Sentii l'amarezza, una nota d'amarezza nel suo respiro.

" Cazzo, devi smetterla David… Non riesco a tenermi nulla per me da quando ti conosco. Davvero, è insopportabile "

" Invece è una cosa che mi piace, sei sincera. Dovresti esserne felice "

" Sono anche troppo sincera - mi morsi un labbro. Intanto aprii il portone ed iniziai a salire le scale - Tu invece cos'hai in programma? "

" Solo tanto riposo, mi sono chiuso in camera e non credo che avrò neanche la forza per togliermi i vestiti di dosso " 

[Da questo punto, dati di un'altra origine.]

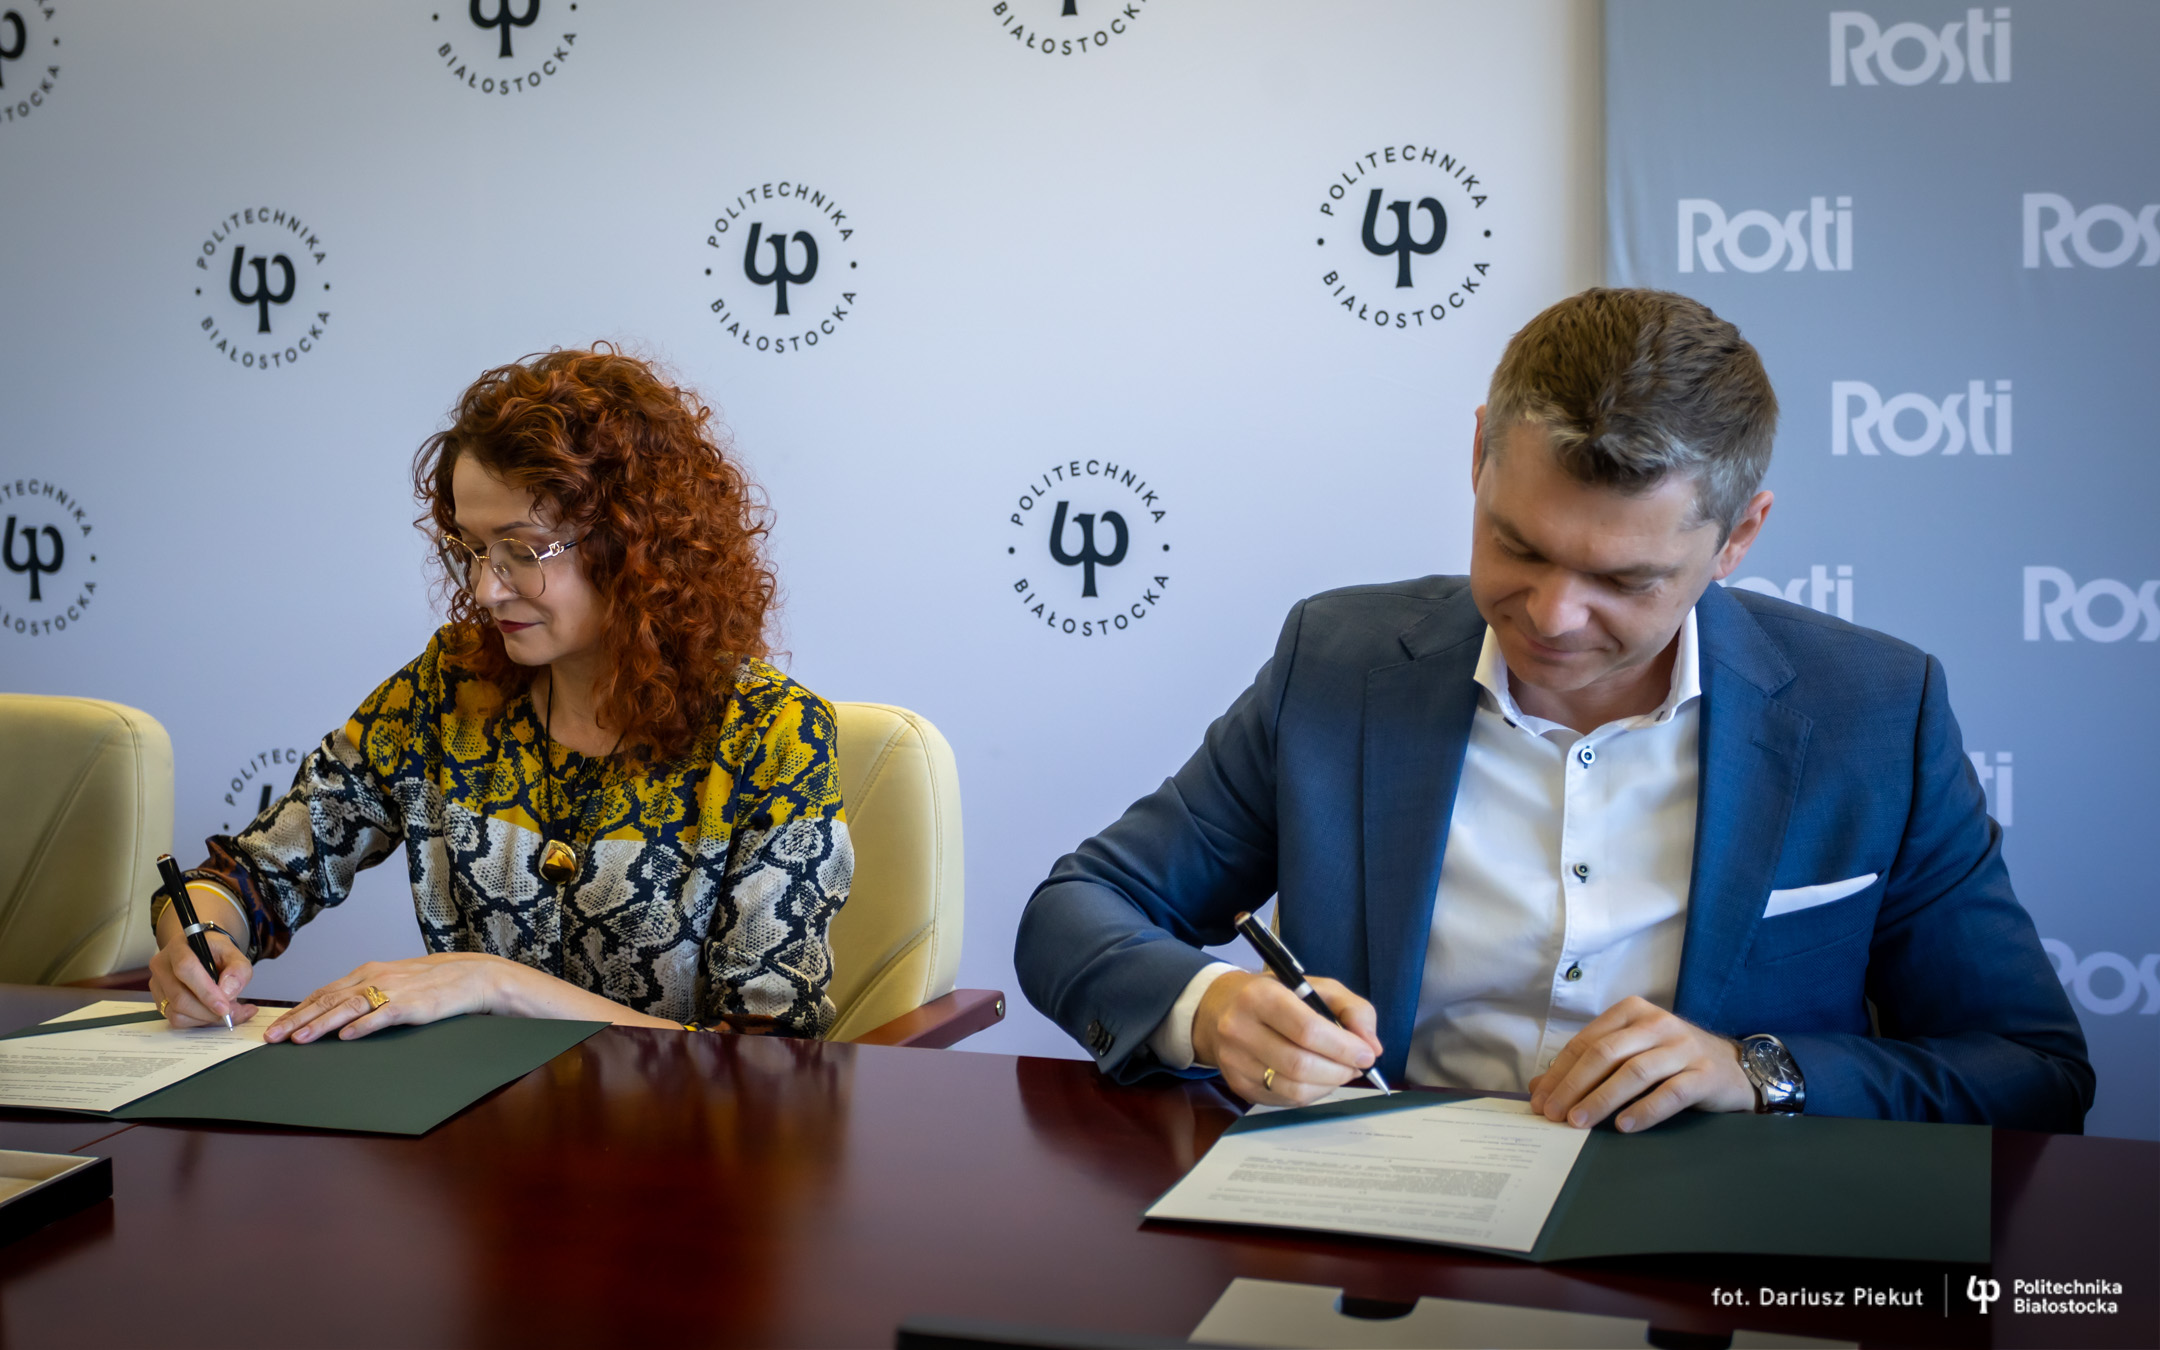 Podpisanie umowy z Rosti, fot. Dariusz Piekut, źródło: Politechnika Białostocka
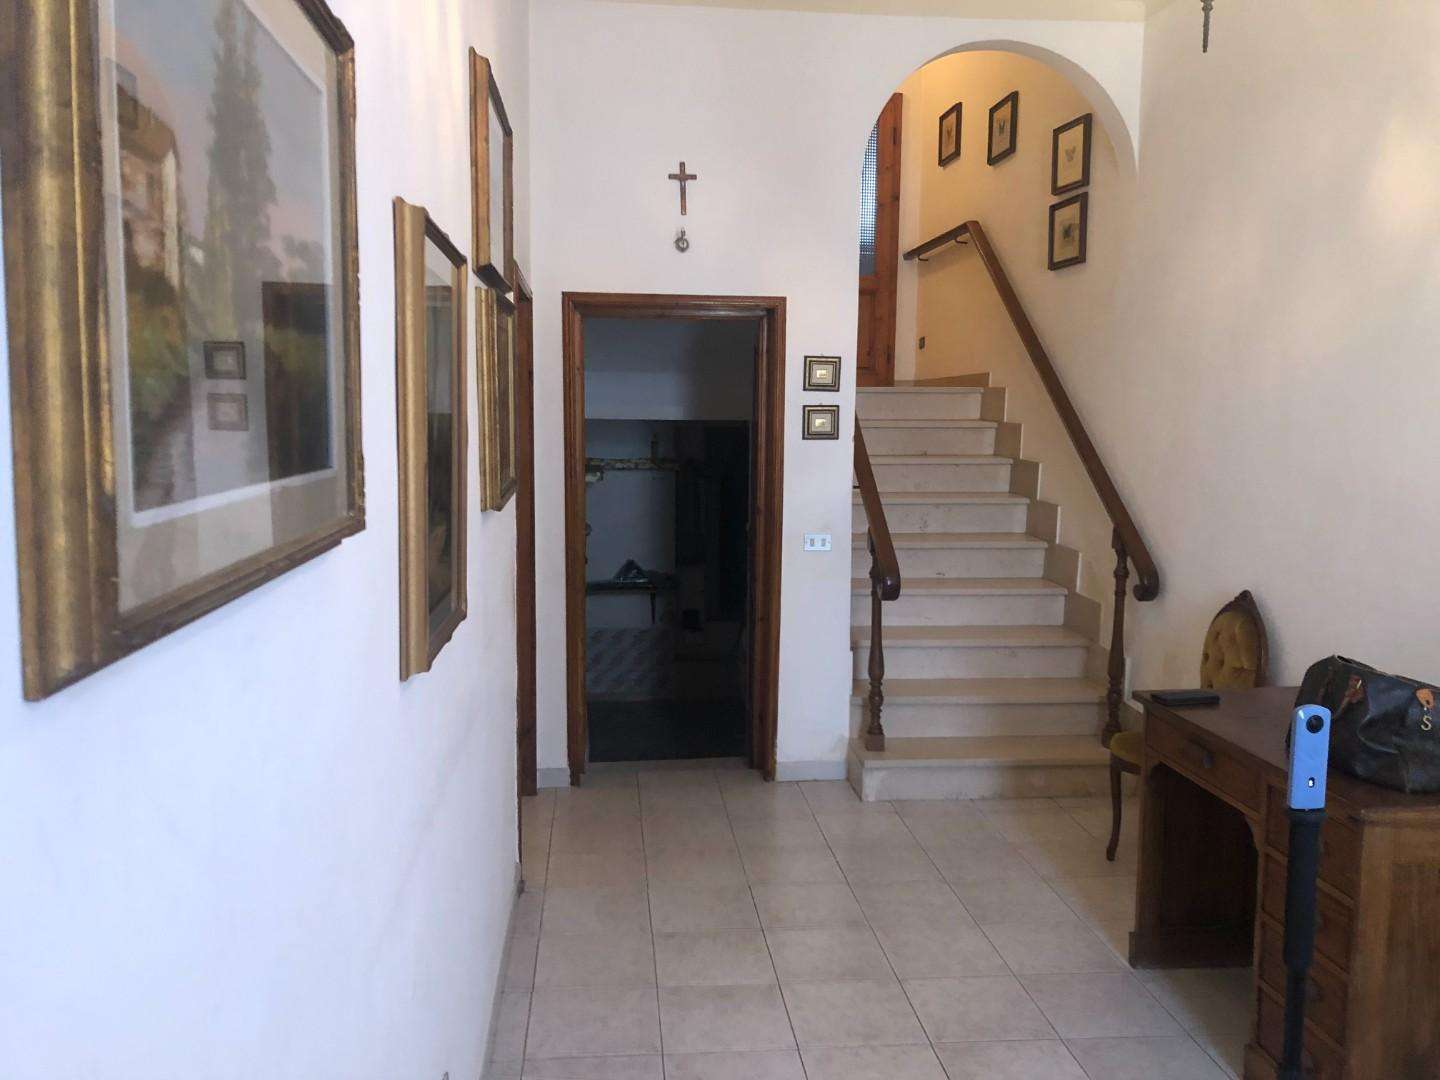 Palazzo - Stabile in Vendita a San Miniato San Miniato Basso PI,

" Jet lag eh? Brutta bestia"

" Puoi dirlo forte "

" Sai, dovresti comprarti un libro super noioso così basterà iniziarlo a leggerlo quando l'aereo parte per farti sette ore filate di sonno. Provalo, secondo me funziona ! "

" Seguirò il tuo consiglio, di solito sono sempre ottimi "

" Che film mi consigli per stasera? Sono molto indecisa, sceglilo tu per me " mi comportavo davvero come se lui fosse lì con me, quando in realtà era solo un'ombra che si proiettava dalla mia mente alla realtà. Sembravo una vedova che non riusciva a liberarsi del fantasma del marito, Jaqueline aveva perfettamente ragione.

" Chiama Jaqueline e invitala, almeno passi la serata con lei "

" È al pub. So quello che stai per dirmi, ma avevo un gran mal di testa e non ci sono andata, mamma "

" Sei l'unica persona in assoluto che conosca che non sappia inventare una balla decente! " 

" Beh, meglio così no? Allora, quale film mi consigli? "

" Musicale "

" Giuro che se rivedo August Rush stavolta piango senza smettere fino a lunedì "

" Allora un thriller "

" Va già meglio, grazie " - feci cadere le chiavi sul pavimento e con uno sbuffo le raccolsi, entrando nell'appartamento.

" Cos'è quel fracasso, hai rotto qualcosa? "

" Mi sono cascate le chiavi, sono appena rientrata "

" Non dovresti ritirarti da sola, almeno compra un'auto, così devi fare solo le scale e sei già dentro " a volte si preoccupava in un modo così dolce, sembrava che ci tenesse davvero a me.

" Non mi piacciono le auto "

" Sei una ragazza strana, quasi a tutti piacciono le auto "

" Io sono Quasi " dissi sorridendo.

" Forse è un punto a tuo favore, chissà "

" Sei sempre pieno di complimenti, eh! "

" Non fare la permalosa, lo sai che vai bene così come sei. Altrimenti non saresti tu "

" A quanto dici sembra che tu mi conosca da sempre, e invece è solo da pochi mesi "

" Non saprò i particolare, ma ho capito come sei davvero "

Mi sedetti sul letto a riposarmi, lasciando la borsa sul pavimento.

" Ah si, e come sono? " 

Silenzio. 

" Sei strana, ma dietro la maschera di stranezza che indossi quasi involontariamente ce n'è un'altra, fatta di dolore e lacrime… Qui però mi hai fermato, ricordi? Non sono riuscito ad andare oltre, ma sotto tutti quei muri ci sei tu, la stessa che scherza, che ride delicatamente portandosi una mano al mento, tu "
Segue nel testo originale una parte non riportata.